The efficacy of the products was assessed by the only criterion for visual index of healing of the surgical wound and / or the lesion.
Patients were divided into 2 groups according to two criteria:
Subgroup A: Same patients with bilateral identical lesion.
Subgroup B: Different patients with the same injury.
Furthermore, the 70% of patients were treated with both types of gels, while the others one with one type or / and without any gel. During the study period, patients were asked to maintain good oral hygiene, including the use if necessary of not alcohol based mouthwashes containing chlorhexidine 0.20% 3 times of at least 1 hour prior to application of the gel and the dental cleansing. Patients were asked to avoid alcohol, smoking and extremely spicy or acidic foods that have very irritating exacerbated inflammation in the oral cavity [19]. Each patient was assessed by compiling a data card, the oral examination, registration of the signs and symptoms and photographs, recording such information at baseline, first-examination before treatment (T0) and control after 7 days (T1) for the application of the gel. The efficacy of treatment and 'was evaluated based on the following parameters of clinical cure visual index at T0-T1 using them following nominal variables:
A - complete, B - partial, C - absent, and considering the complete disappearance of the areas surrounding skin.
5. Results
Patients treated with hyaluronic acid have shown significant clinical improvement of lesions in T1 baseline. In the subgroup A patients with identical lesion at which they were applied bilaterally both gingival two devices on two different sites, on only one (site treated with hyaluronic acid) of two sites it was observed a complete healing, both for what concerns the extraction surgery simple to the complex, independently of the use of sutures. The site was found to be perfectly healed that treated hyaluronic acid than the control. Moreover, in these patients, and in these sites already at the time T1 has been possible to effect the removal of the stitches in no case without the appearance of bleeding and gum inflammation. The same result is obtained in the subgroup B and then in those patients effects from cystic tumors, cancer, interventions plastic oral mucosa or suffering from lessons precancerous. T1 to all patients treated with hyaluronic acid had a complete healing tissue in contrast to those treated with Triticum vulgare or without gel. Independently the type of product used and / or recommended, there were substantial differences between patients treated with gel Based Triticum vulgare and that small portion of patients treated without any supervision.
6. Conclusion
We are in agree with some studies [11, 12, 13, 16] wich confirm the better wound healing in patients treated with Hyaluronic Acid after oral surgery interventions.
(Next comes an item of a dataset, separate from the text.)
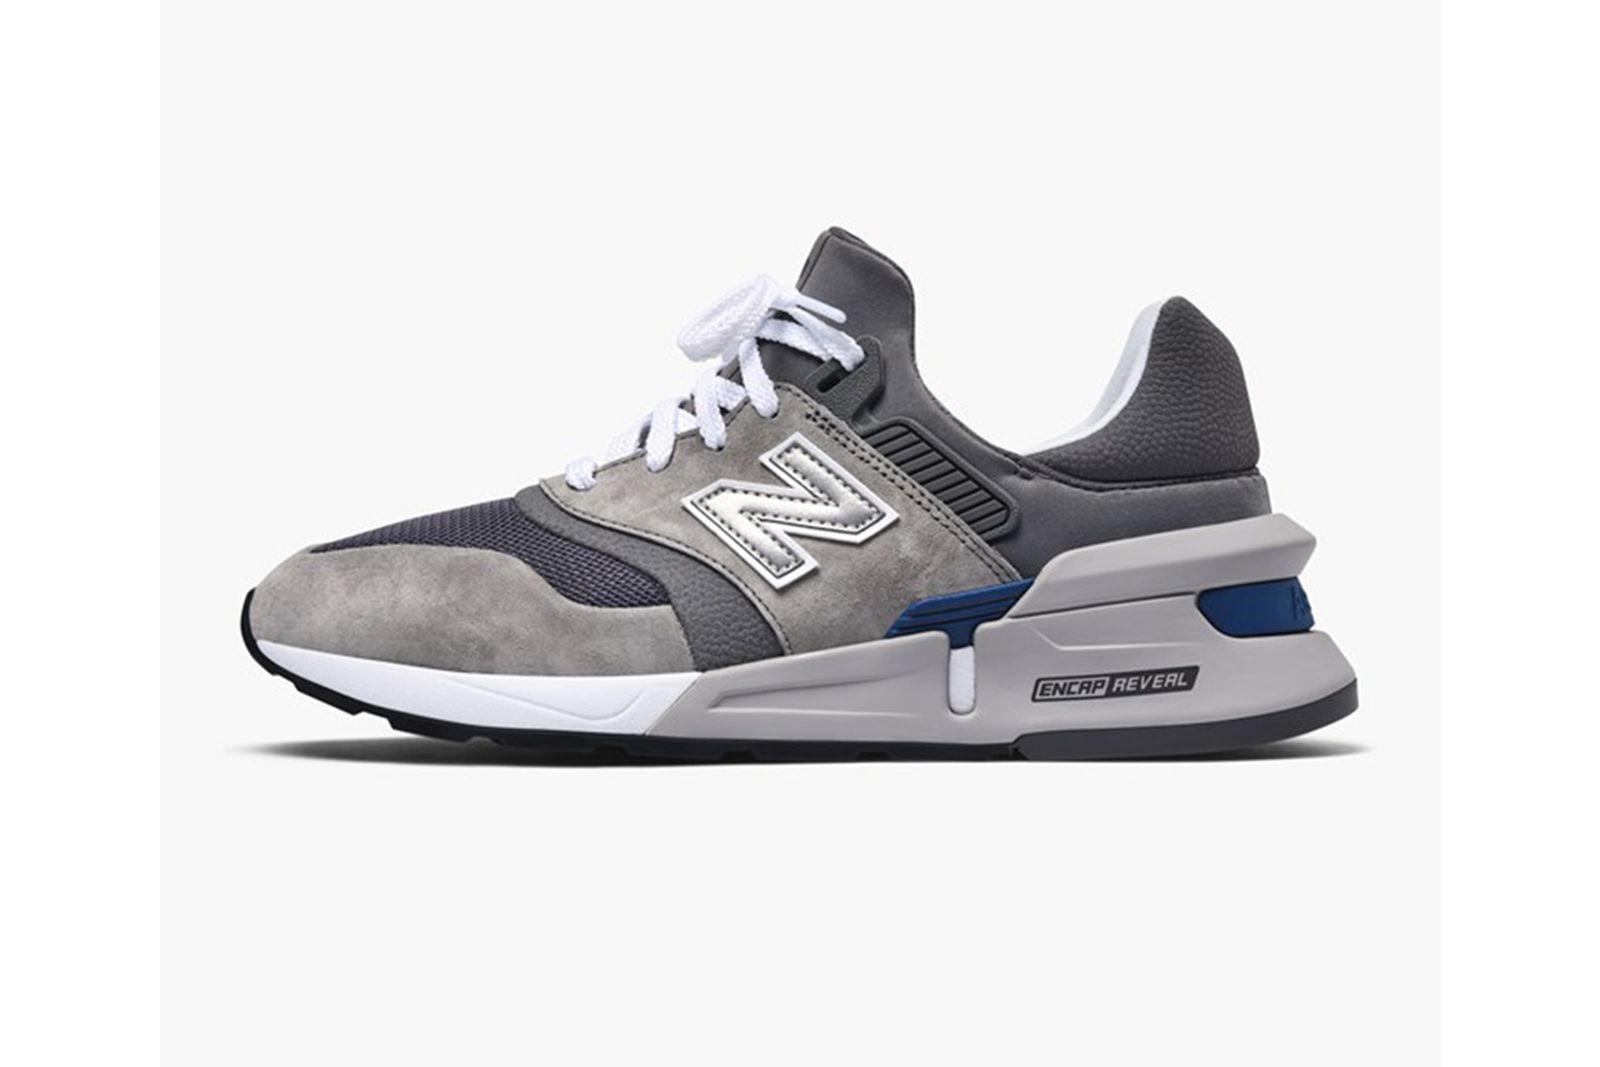 caliroots new balance ms997hgc sneaker sales

Patients treated with Triticum Vulgare showed better results respect those patients who didn’t receive any gel, but poorer results respect those treated with Hyaluronic Acid. Furthermore patients treated with Hyaluronic Acid, showed not only a faster healing, but also a better comfort during the T0-T1 period. Hyaluronic acid could be used routinely after oral surgery. Further studies are needed to develop a Hyaluronic Acid use’s protocol after oral surgery interventions.